Greinstraße

In der Sonne laufen die Passanten ihren Schatten hinterher: Jemand mit der Krücke, die er aber nicht benutzt, sondern wie eine Wünschelrute vor sich über den Weg hält; eine junge Frau in schwarz und blond überholt ihn, später werden Arbeiter mit blauen Werkanzügen in die andere Richtung vorbeischlendern, Stulle in der Hand, und der Stoff der Anzüge wird in der Sonne leuchten.
Das Laub des Silberahorns ist schütter geworden, während die Pappeln schon alle Blätter verloren haben. Blickauf ist der Himmel von Gezweig gemasert. Einmal die Woche kommt ein Mann mit einem kleinen Fahrzeug, dreht Kreise über den Rasen und bläst mit erheblichem Lärm das Laub zusammen. Ich sehe ihm dabei zu und überlege, daß das Wort „Rechen“ wahrscheinlich bald aussterben wird, zusammen mit dem Gegenstand, den es bezeichnet. Einmal im Monat wird gemäht. Dem Wort „Sense“ wird es ähnlich ergehen wie dem Wort „Rechen“.
Hinter den Häuserreihen jenseits des Parkplatzes schimmert so fern der Himmel, als spiegele er den Ozean, und auch die Luft, Salz und Ozon, kommt frischweg von der See. Vögel auch, Möwen vom Rhein, zerschlitzen Licht und Himmel in pfeilschnelle Striemen.

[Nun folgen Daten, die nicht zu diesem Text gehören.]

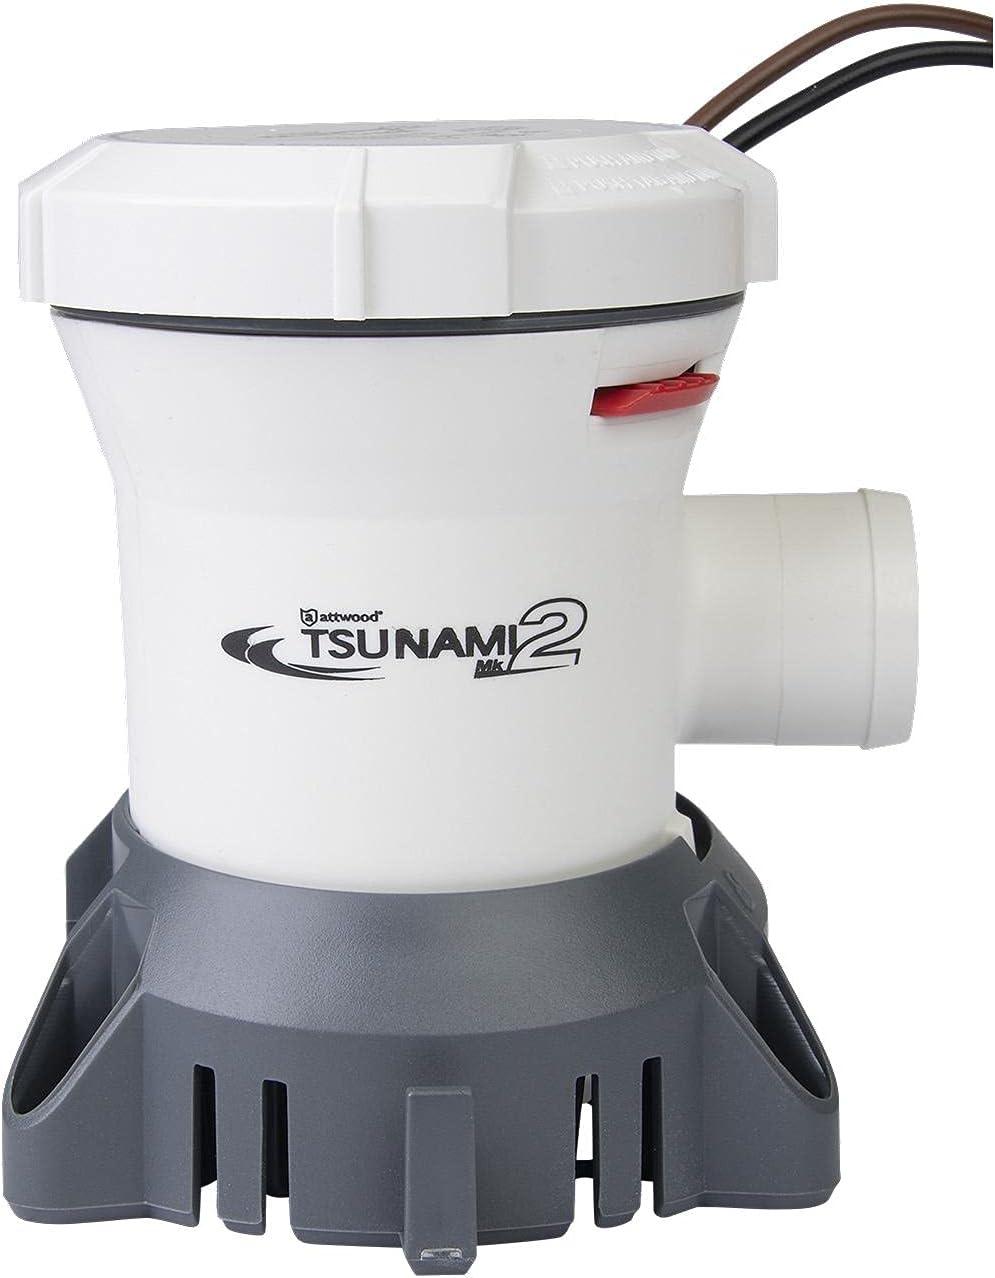 Attwood Tsunami MK2 1200 2021 new GPH 24-Volt Thred Bilge Manual In stock

Wichtige Herren in Krawatte lassen manchmal ihre Aktentasche mit einer lässigen Drehung des Handgelenks aufblitzen, während sie dem Kollegen etwas Wichtiges – daß es wichtig ist, sieht man an ihrem geneigten Nacken, an den hackenden Kiefermuskeln – mitteilen. Dahinter weht ein Fahrradfahrer auf einer unsichtbaren Strömung dahin.
Die Fenster dieses halben Souterrains beginnen auf dem Bodenniveau, das dem, der sich im Inneren aufhält, bis zur Brust reicht. Bis zum Kinn, wenn man am Schreibtisch sitzt. Ab und zu kommt ein Ball samt einem Knäuel Hund angerollt, und der Kies vor der Scheibe zerspritzt. Das gefällt mir. Ich zucke zusammen, ein Erschrecken, ein Blick ins lachende Hundemaul mit Ball, und man fühlt sich aufs Angenehmste daran erinnert, daß man noch lebendig ist.